Equidad de género: más allá de la inclusión simbólica

La igualdad de género, consagrada como el Objetivo 5 de la Agenda 2030, no puede entenderse como una meta aislada, sino como una condición transversal para la sostenibilidad en su conjunto. Cada meta que forma parte de la agenda —ya sea hambre cero, salud, trabajo decente o acceso a justicia— implica necesariamente una dimensión de género. Sin embargo, el enfoque adoptado con frecuencia es superficial, limitado a cifras de representación y sin abordar las estructuras profundas que perpetúan la desigualdad.

La inclusión simbólica —colocar a mujeres en puestos visibles sin modificar las lógicas que las rodean— se ha vuelto una estrategia recurrente. La paridad legislativa en muchos países es un ejemplo ambiguo: si bien aumenta la presencia femenina en espacios de poder, no siempre garantiza una agenda feminista ni cambios estructurales. Las mujeres insertadas en sistemas que siguen funcionando bajo lógicas patriarcales se ven muchas veces forzadas a reproducirlas para sobrevivir políticamente.

En el ámbito económico, la incorporación laboral de las mujeres ha sido presentada como un triunfo del desarrollo. Pero esta narrativa oculta que muchas de esas incorporaciones ocurren en sectores precarios, con alta rotación y bajos salarios, como el trabajo doméstico no remunerado o mal remunerado. A pesar de su enorme valor económico y social, el trabajo de cuidados sigue invisible y desigualmente distribuido: recae principalmente sobre mujeres, sin que exista un reconocimiento estatal suficiente. Esto perpetúa la pobreza femenina y limita la autonomía económica.
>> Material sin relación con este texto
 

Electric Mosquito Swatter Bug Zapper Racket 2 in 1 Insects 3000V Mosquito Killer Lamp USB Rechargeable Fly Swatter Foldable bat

También es fundamental discutir la violencia de género como una falla estructural del sistema. No se trata solo de agresiones individuales, sino de un entramado de normas, narrativas y prácticas institucionales que toleran, minimizan o incluso justifican la violencia. La impunidad es una forma de perpetuación de la violencia, y la respuesta estatal suele centrarse en la reacción, cuando debería priorizar la prevención desde una transformación cultural profunda. Esto incluye educación con perspectiva de género desde edades tempranas, políticas públicas sensibles al contexto y reformas judiciales que garanticen justicia efectiva.
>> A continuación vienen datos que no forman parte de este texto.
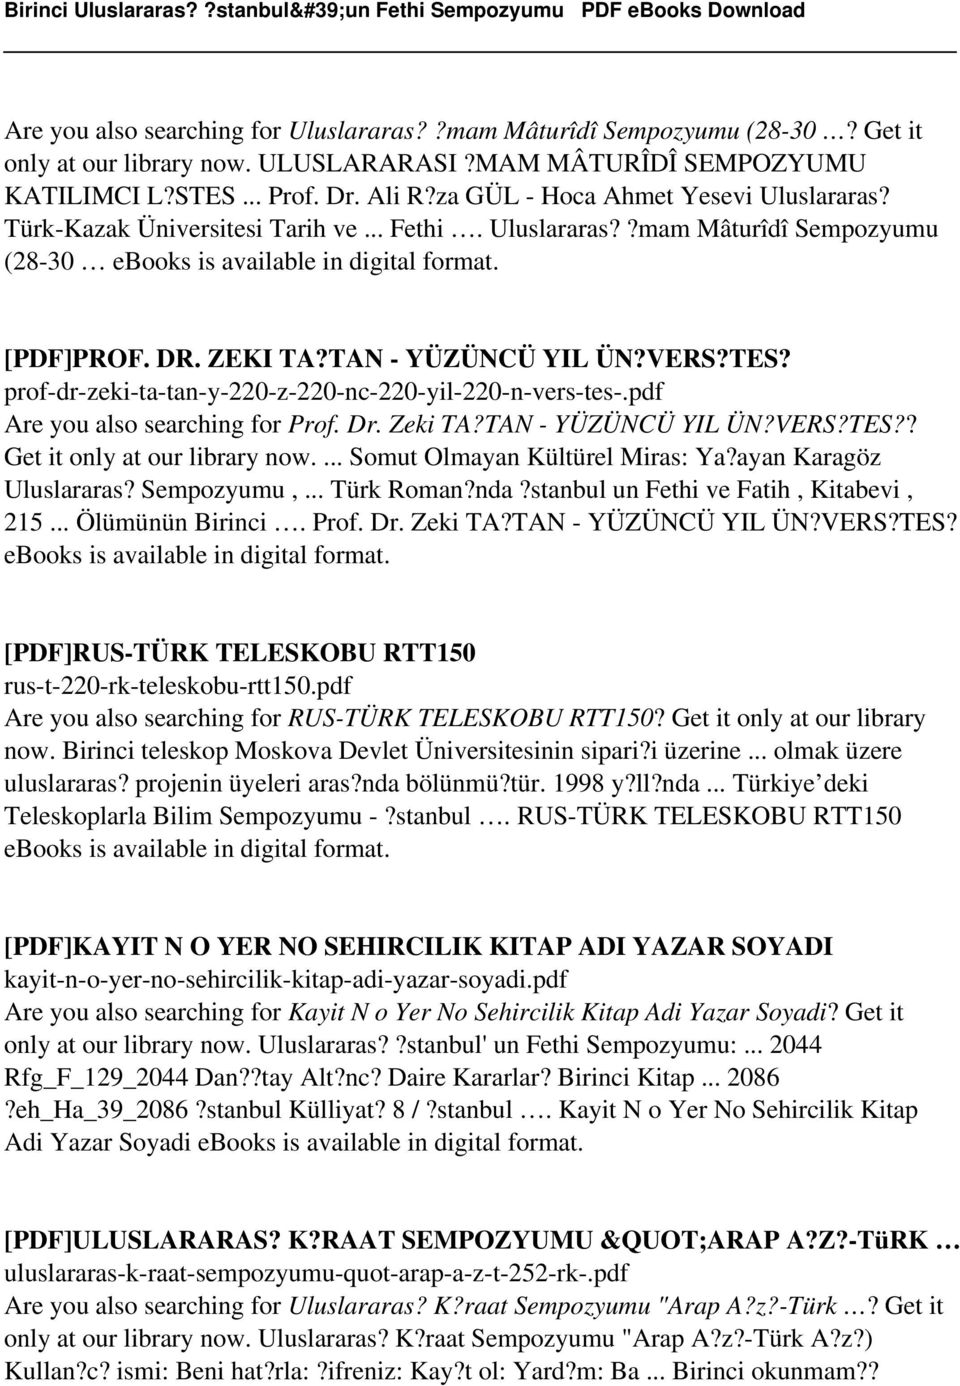 prof-dr-zeki-ta-tan-y-220-z-220-nc-220-yil-220-n-vers-tes-.pdf Are you also searching for Prof. Dr. Zeki TA?TAN - YÜZÜNCÜ YIL ÜN?VERS?TES?? Get it only at our library now.

Además, cualquier análisis serio sobre género en el marco de la Agenda 2030 debe incorporar la interseccionalidad. La experiencia de una mujer indígena pobre no puede equipararse a la de una mujer urbana de clase media. Sin esta perspectiva, se corre el riesgo de generar políticas que beneficien solo a una élite femenina, dejando intactas las desigualdades de fondo. Incorporar voces diversas en la formulación de políticas es más que inclusión: es una condición para la legitimidad.

Por último, es importante reconocer que los cambios simbólicos sin transformación cultural tienen un límite. Las metas en torno a la equidad de género requieren no sólo voluntad política, sino también una disposición colectiva a confrontar privilegios, revisar los pactos implícitos del poder masculino y reimaginar nuestras formas de convivencia. En ese sentido, la Agenda 2030 es una oportunidad, pero también una prueba: si no logra incomodarnos, probablemente no está transformándonos.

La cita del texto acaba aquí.